(Information provided begins)
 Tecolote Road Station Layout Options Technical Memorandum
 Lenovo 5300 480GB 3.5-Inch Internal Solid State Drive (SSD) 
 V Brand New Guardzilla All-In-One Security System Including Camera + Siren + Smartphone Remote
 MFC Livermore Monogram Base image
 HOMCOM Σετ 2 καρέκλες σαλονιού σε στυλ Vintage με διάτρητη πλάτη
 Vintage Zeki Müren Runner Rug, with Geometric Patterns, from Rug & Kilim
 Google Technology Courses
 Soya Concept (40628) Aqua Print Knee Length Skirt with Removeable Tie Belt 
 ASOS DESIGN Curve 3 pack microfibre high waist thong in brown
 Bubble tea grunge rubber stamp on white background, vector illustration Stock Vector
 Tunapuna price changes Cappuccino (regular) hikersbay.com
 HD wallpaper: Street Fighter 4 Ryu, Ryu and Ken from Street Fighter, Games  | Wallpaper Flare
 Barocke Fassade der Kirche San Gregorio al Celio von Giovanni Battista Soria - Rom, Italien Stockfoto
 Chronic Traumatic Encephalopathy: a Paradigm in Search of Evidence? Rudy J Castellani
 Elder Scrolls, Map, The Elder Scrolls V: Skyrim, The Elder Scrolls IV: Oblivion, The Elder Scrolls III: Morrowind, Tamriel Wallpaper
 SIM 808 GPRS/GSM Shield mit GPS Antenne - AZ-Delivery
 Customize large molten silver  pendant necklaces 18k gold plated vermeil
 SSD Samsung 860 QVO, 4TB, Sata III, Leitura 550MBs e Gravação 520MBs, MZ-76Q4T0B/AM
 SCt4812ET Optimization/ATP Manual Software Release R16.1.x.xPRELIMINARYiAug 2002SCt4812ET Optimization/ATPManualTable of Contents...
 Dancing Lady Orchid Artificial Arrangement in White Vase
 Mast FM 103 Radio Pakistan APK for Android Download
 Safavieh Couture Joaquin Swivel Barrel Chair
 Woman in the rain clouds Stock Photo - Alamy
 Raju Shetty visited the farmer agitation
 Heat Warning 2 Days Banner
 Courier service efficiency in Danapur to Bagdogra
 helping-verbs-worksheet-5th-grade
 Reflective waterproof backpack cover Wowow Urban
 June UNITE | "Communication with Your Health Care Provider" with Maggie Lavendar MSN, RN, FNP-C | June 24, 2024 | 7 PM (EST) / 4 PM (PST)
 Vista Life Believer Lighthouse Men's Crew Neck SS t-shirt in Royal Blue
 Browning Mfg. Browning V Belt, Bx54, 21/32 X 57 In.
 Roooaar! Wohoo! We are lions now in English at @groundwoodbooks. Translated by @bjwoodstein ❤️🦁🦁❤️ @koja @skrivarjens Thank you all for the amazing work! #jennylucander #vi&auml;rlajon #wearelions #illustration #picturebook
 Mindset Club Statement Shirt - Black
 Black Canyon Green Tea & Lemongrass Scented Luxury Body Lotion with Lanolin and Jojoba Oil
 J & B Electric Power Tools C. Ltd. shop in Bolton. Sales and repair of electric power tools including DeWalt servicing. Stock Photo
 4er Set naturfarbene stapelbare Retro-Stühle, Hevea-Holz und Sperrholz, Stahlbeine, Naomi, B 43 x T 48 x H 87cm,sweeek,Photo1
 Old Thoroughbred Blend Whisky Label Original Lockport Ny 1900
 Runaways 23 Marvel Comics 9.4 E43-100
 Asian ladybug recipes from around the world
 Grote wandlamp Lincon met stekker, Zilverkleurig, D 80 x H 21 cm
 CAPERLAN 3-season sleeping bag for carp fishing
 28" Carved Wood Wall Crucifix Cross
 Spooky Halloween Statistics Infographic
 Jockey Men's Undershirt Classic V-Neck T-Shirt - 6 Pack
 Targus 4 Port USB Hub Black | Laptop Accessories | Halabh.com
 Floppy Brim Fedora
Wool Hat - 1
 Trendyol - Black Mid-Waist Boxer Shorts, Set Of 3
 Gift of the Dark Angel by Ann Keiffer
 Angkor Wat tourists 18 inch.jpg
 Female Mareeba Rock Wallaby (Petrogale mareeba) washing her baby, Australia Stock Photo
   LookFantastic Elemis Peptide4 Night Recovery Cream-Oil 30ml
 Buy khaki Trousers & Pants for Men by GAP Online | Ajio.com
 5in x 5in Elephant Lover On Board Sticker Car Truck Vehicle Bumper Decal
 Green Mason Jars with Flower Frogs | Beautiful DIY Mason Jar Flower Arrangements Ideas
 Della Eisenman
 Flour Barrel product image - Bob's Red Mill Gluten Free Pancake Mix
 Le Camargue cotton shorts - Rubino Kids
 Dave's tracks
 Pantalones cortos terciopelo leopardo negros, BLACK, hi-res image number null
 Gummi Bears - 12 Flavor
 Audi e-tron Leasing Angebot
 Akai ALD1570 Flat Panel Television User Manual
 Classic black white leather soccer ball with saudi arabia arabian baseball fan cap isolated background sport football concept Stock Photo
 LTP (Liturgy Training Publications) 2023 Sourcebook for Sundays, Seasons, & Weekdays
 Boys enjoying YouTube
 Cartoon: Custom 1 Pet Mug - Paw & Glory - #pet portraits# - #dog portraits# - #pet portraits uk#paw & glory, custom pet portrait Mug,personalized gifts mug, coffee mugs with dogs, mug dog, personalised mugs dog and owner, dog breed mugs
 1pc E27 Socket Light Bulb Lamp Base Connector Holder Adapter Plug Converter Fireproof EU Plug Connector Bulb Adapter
(Information provided ends)
Goal of the exercise
Write out each line of the data above again, exactly as given.

Response
 Tecolote Road Station Layout Options Technical Memorandum
 Lenovo 5300 480GB 3.5-Inch Internal Solid State Drive (SSD) 
 V Brand New Guardzilla All-In-One Security System Including Camera + Siren + Smartphone Remote
 MFC Livermore Monogram Base image
 HOMCOM Σετ 2 καρέκλες σαλονιού σε στυλ Vintage με διάτρητη πλάτη
 Vintage Zeki Müren Runner Rug, with Geometric Patterns, from Rug & Kilim
 Google Technology Courses
 Soya Concept (40628) Aqua Print Knee Length Skirt with Removeable Tie Belt 
 ASOS DESIGN Curve 3 pack microfibre high waist thong in brown
 Bubble tea grunge rubber stamp on white background, vector illustration Stock Vector
 Tunapuna price changes Cappuccino (regular) hikersbay.com
 HD wallpaper: Street Fighter 4 Ryu, Ryu and Ken from Street Fighter, Games  | Wallpaper Flare
 Barocke Fassade der Kirche San Gregorio al Celio von Giovanni Battista Soria - Rom, Italien Stockfoto
 Chronic Traumatic Encephalopathy: a Paradigm in Search of Evidence? Rudy J Castellani
 Elder Scrolls, Map, The Elder Scrolls V: Skyrim, The Elder Scrolls IV: Oblivion, The Elder Scrolls III: Morrowind, Tamriel Wallpaper
 SIM 808 GPRS/GSM Shield mit GPS Antenne - AZ-Delivery
 Customize large molten silver  pendant necklaces 18k gold plated vermeil
 SSD Samsung 860 QVO, 4TB, Sata III, Leitura 550MBs e Gravação 520MBs, MZ-76Q4T0B/AM
 SCt4812ET Optimization/ATP Manual Software Release R16.1.x.xPRELIMINARYiAug 2002SCt4812ET Optimization/ATPManualTable of Contents...
 Dancing Lady Orchid Artificial Arrangement in White Vase
 Mast FM 103 Radio Pakistan APK for Android Download
 Safavieh Couture Joaquin Swivel Barrel Chair
 Woman in the rain clouds Stock Photo - Alamy
 Raju Shetty visited the farmer agitation
 Heat Warning 2 Days Banner
 Courier service efficiency in Danapur to Bagdogra
 helping-verbs-worksheet-5th-grade
 Reflective waterproof backpack cover Wowow Urban
 June UNITE | "Communication with Your Health Care Provider" with Maggie Lavendar MSN, RN, FNP-C | June 24, 2024 | 7 PM (EST) / 4 PM (PST)
 Vista Life Believer Lighthouse Men's Crew Neck SS t-shirt in Royal Blue
 Browning Mfg. Browning V Belt, Bx54, 21/32 X 57 In.
 Roooaar! Wohoo! We are lions now in English at @groundwoodbooks. Translated by @bjwoodstein ❤️🦁🦁❤️ @koja @skrivarjens Thank you all for the amazing work! #jennylucander #vi&auml;rlajon #wearelions #illustration #picturebook
 Mindset Club Statement Shirt - Black
 Black Canyon Green Tea & Lemongrass Scented Luxury Body Lotion with Lanolin and Jojoba Oil
 J & B Electric Power Tools C. Ltd. shop in Bolton. Sales and repair of electric power tools including DeWalt servicing. Stock Photo
 4er Set naturfarbene stapelbare Retro-Stühle, Hevea-Holz und Sperrholz, Stahlbeine, Naomi, B 43 x T 48 x H 87cm,sweeek,Photo1
 Old Thoroughbred Blend Whisky Label Original Lockport Ny 1900
 Runaways 23 Marvel Comics 9.4 E43-100
 Asian ladybug recipes from around the world
 Grote wandlamp Lincon met stekker, Zilverkleurig, D 80 x H 21 cm
 CAPERLAN 3-season sleeping bag for carp fishing
 28" Carved Wood Wall Crucifix Cross
 Spooky Halloween Statistics Infographic
 Jockey Men's Undershirt Classic V-Neck T-Shirt - 6 Pack
 Targus 4 Port USB Hub Black | Laptop Accessories | Halabh.com
 Floppy Brim Fedora
Wool Hat - 1
 Trendyol - Black Mid-Waist Boxer Shorts, Set Of 3
 Gift of the Dark Angel by Ann Keiffer
 Angkor Wat tourists 18 inch.jpg
 Female Mareeba Rock Wallaby (Petrogale mareeba) washing her baby, Australia Stock Photo
   LookFantastic Elemis Peptide4 Night Recovery Cream-Oil 30ml
 Buy khaki Trousers & Pants for Men by GAP Online | Ajio.com
 5in x 5in Elephant Lover On Board Sticker Car Truck Vehicle Bumper Decal
 Green Mason Jars with Flower Frogs | Beautiful DIY Mason Jar Flower Arrangements Ideas
 Della Eisenman
 Flour Barrel product image - Bob's Red Mill Gluten Free Pancake Mix
 Le Camargue cotton shorts - Rubino Kids
 Dave's tracks
 Pantalones cortos terciopelo leopardo negros, BLACK, hi-res image number null
 Gummi Bears - 12 Flavor
 Audi e-tron Leasing Angebot
 Akai ALD1570 Flat Panel Television User Manual
 Classic black white leather soccer ball with saudi arabia arabian baseball fan cap isolated background sport football concept Stock Photo
 LTP (Liturgy Training Publications) 2023 Sourcebook for Sundays, Seasons, & Weekdays
 Boys enjoying YouTube
 Cartoon: Custom 1 Pet Mug - Paw & Glory - #pet portraits# - #dog portraits# - #pet portraits uk#paw & glory, custom pet portrait Mug,personalized gifts mug, coffee mugs with dogs, mug dog, personalised mugs dog and owner, dog breed mugs
 1pc E27 Socket Light Bulb Lamp Base Connector Holder Adapter Plug Converter Fireproof EU Plug Connector Bulb Adapter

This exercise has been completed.